Single Stitches. Lying on the operating table beside its owner, the arm was still attached only by suture threads. To fix it firmly, an orthopedic surgeon drove a stainless-steel rod into the broken upper end of the humerus, through its squishy marrow center, until the end of the rod projected into the shoulder. He fitted the broken bone ends together, pushing the rod down into the marrow of the undamaged lower bone. If new bone grows well enough to make a solid union, the rod may later be withdrawn; otherwise it will be left in place.

The most delicate and difficult part of such restoration surgery is to rejoin the nerves so that they will resume their task of controlling the muscles. Neurosurgeons usually prefer to wait for weeks or months after the original operation before they attempt the job. The M.G.H. surgeons identified the three main nerve bundles in Ev Knowles’s shoulder and arm, drew them together, and rejoined each with a single dacron stitch—a holding operation so that the nerves will not shrink.

Only after all this, which took four hours, did the plastic surgeons get around to what they usually do first: guard against gangrene by clearing both sides of the wound site of all tissue, mostly muscle, that is crushed or deprived of its blood supply. In this case, they delayed because it was more urgent to restore the circulation promptly. At last, they stitched together four major muscles and as much skin as was left around the fracture. It was not enough, but the rest of that job had to wait.

For Ev Knowles also had some injuries to his left hand. The surgeons encased the boy’s trunk and right arm in a cast that held the arm in a bent position, as though to ward off a blow. Still anesthetized, the boy was wheeled to a second operating theater. There, surgeons straightened out his battered left hand and sewed up its skin wounds. Ev Knowles received four more pints of blood during the multiple operations, which lasted eight hours.

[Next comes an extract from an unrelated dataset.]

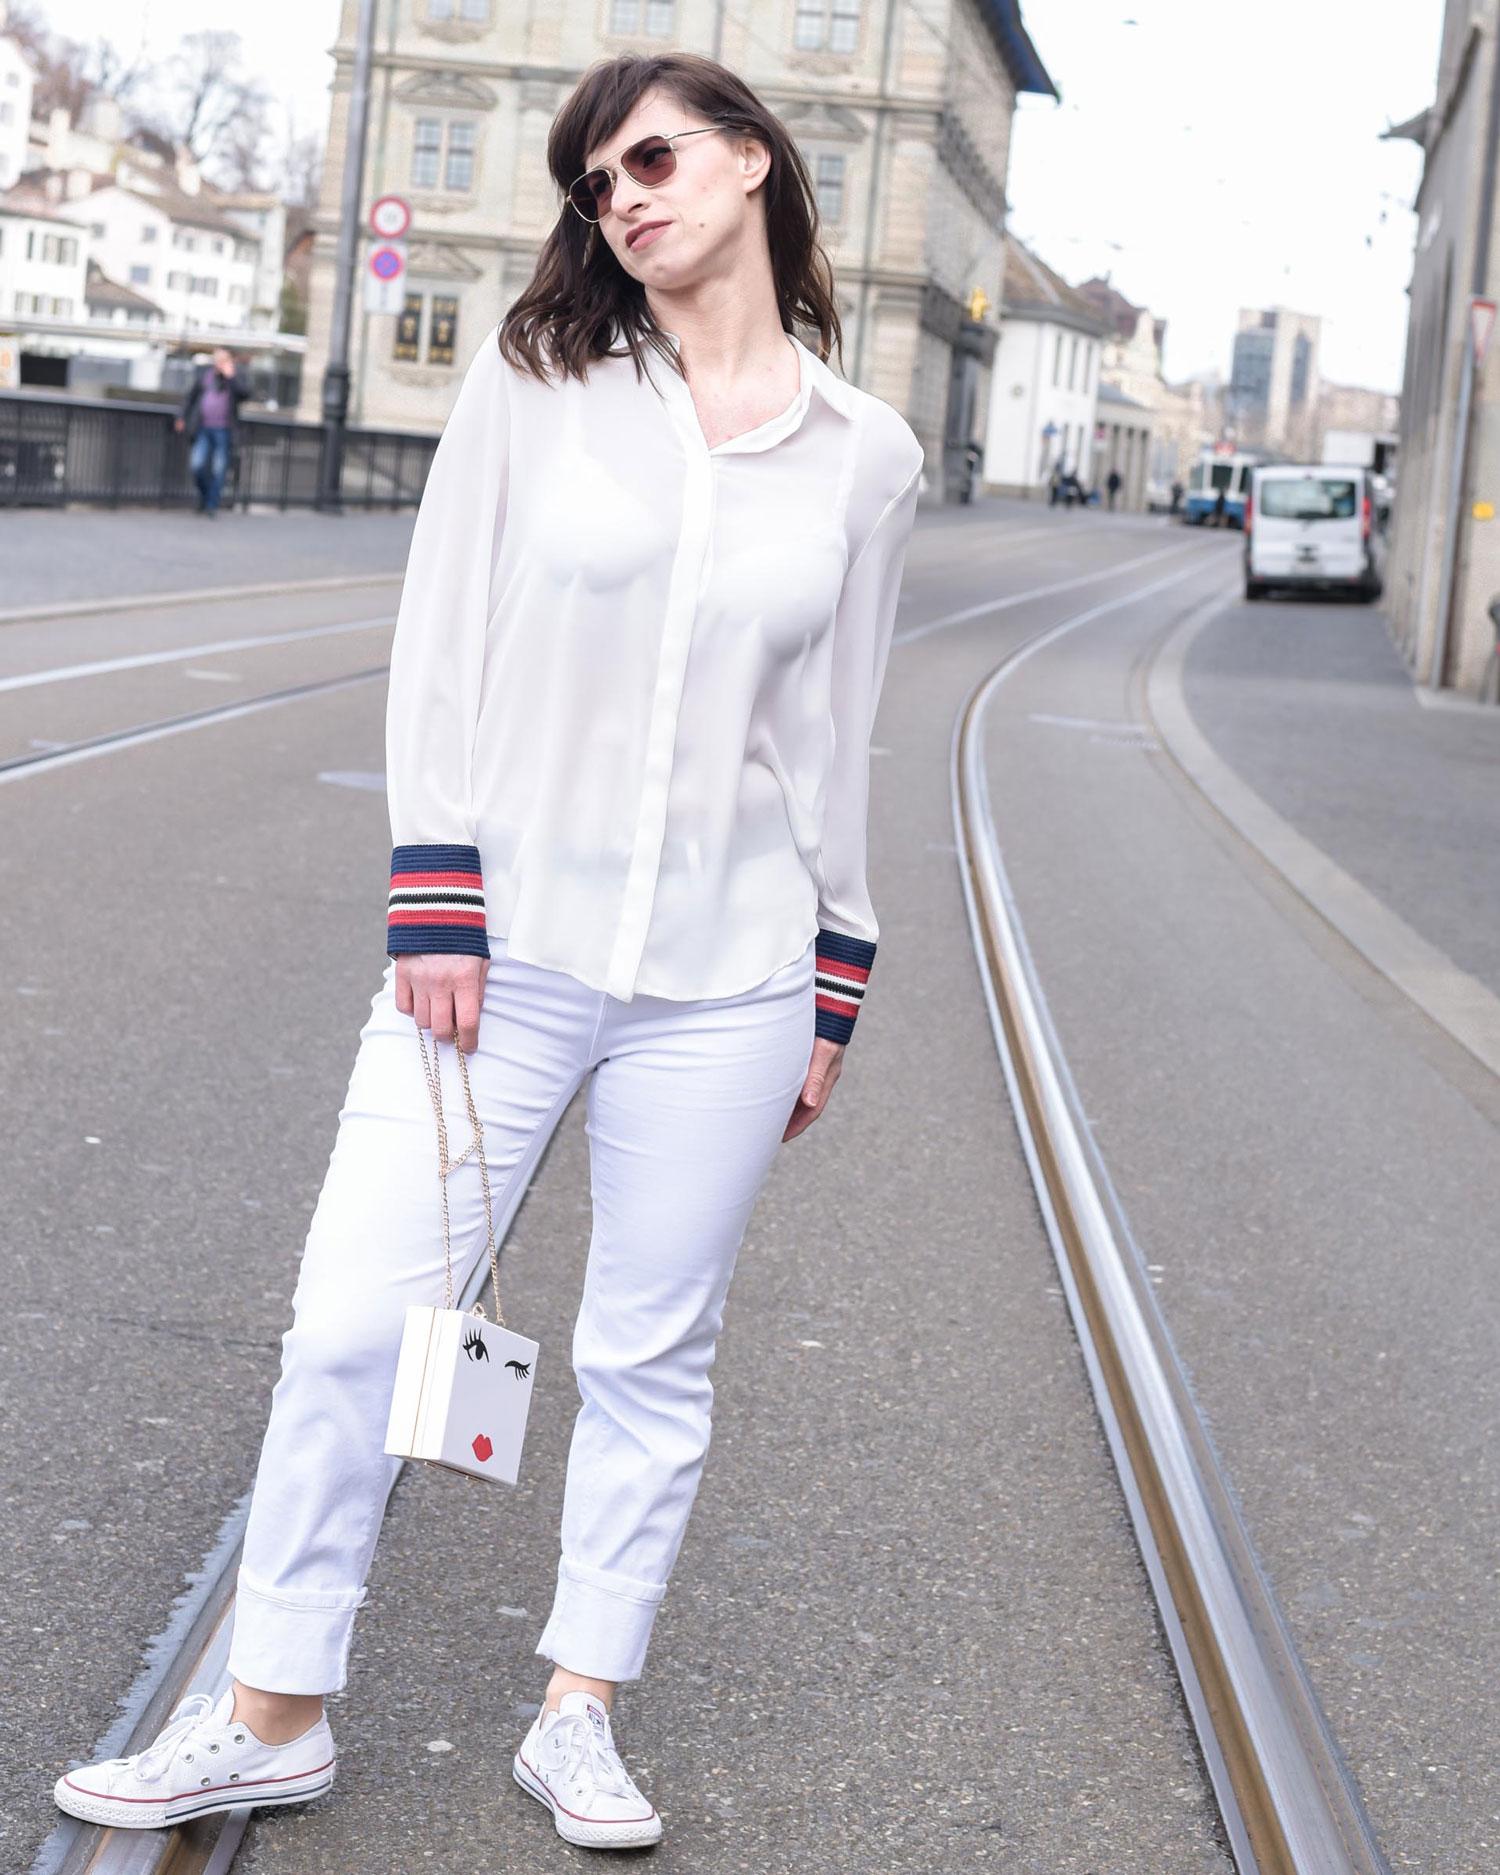 Erwartungsdruck: weisse Jeans von Zara, Sneakers von Convers Chucks all stars, Seidenbluse von Zara, Tasche von NafNaf

Exercise the Right. Within two days, the sturdy young patient was taking regular meals. He now feeds himself with his left hand. After five days, his temperature was normal, and the wound showed no sign of infection. But this meant no respite. Last week the plastic surgeons took Ev back to the operating room, pared big patches of half-thickness skin from his right thigh, and grafted the patches onto the raw areas near his armpit.

Though similar operations have succeeded in animals—at the Tufts-New England Medical Center, also in Boston, dogs are running around on severed and resewn legs—it is too early to tell how well the surgeons succeeded with Ev Knowles. “The greatest danger,” said Dr. Shaw, “is of infection in an artery. If that developed, the arm would have to be sacrificed to save the patient from the danger of possibly fatal hemorrhages.” The most nearly comparable U.S. case ended in failure after seven months, when California surgeons had to amputate the resewn leg of Mechanic Billy Smith (TIME, Nov. 9, 1959) because of a deep bone infection.

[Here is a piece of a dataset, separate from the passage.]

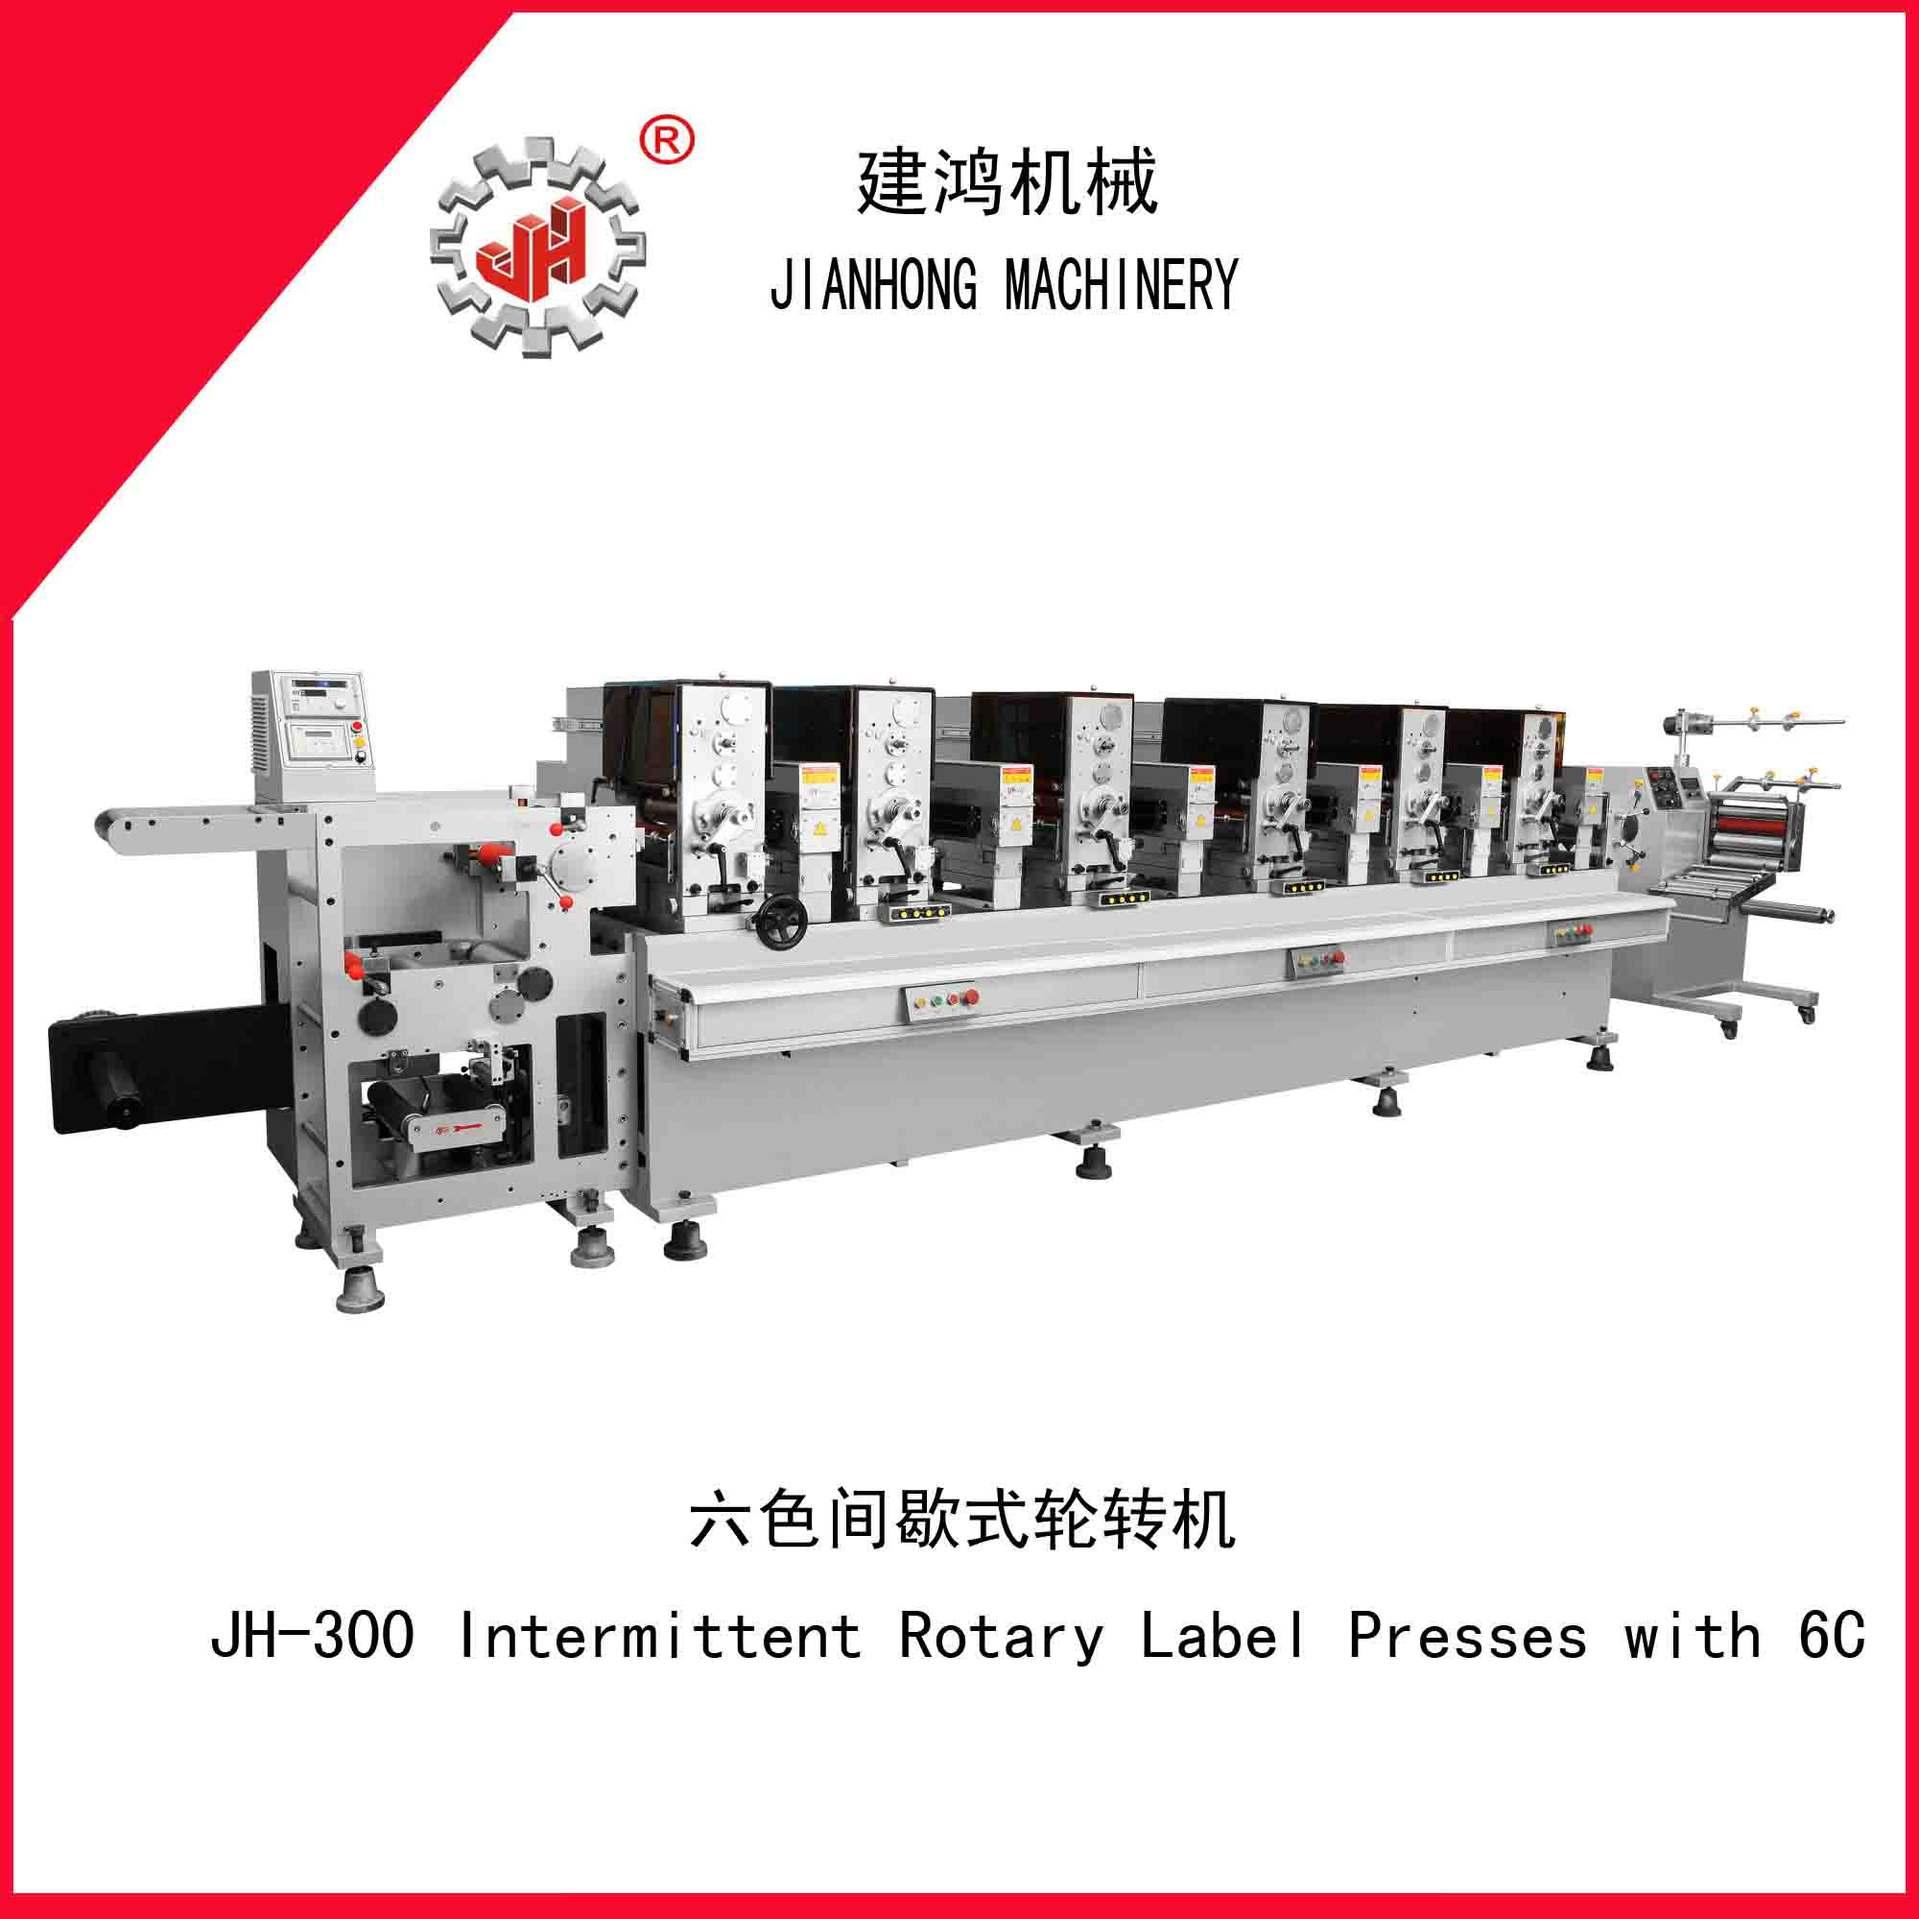 间歇式轮转商标印刷机

“It will take two or three years of hard work on our part and his if this boy is to regain the use of his arm,” said Dr. Shaw. “If it is completely numb, it will be only a dangling decoration, and no triumph.” To ward off that grim possibility, even in advance of nerve surgery, physiotherapists are already teaching Ev Knowles to use his fast-healing left hand to work the joints of his pink but nerveless right.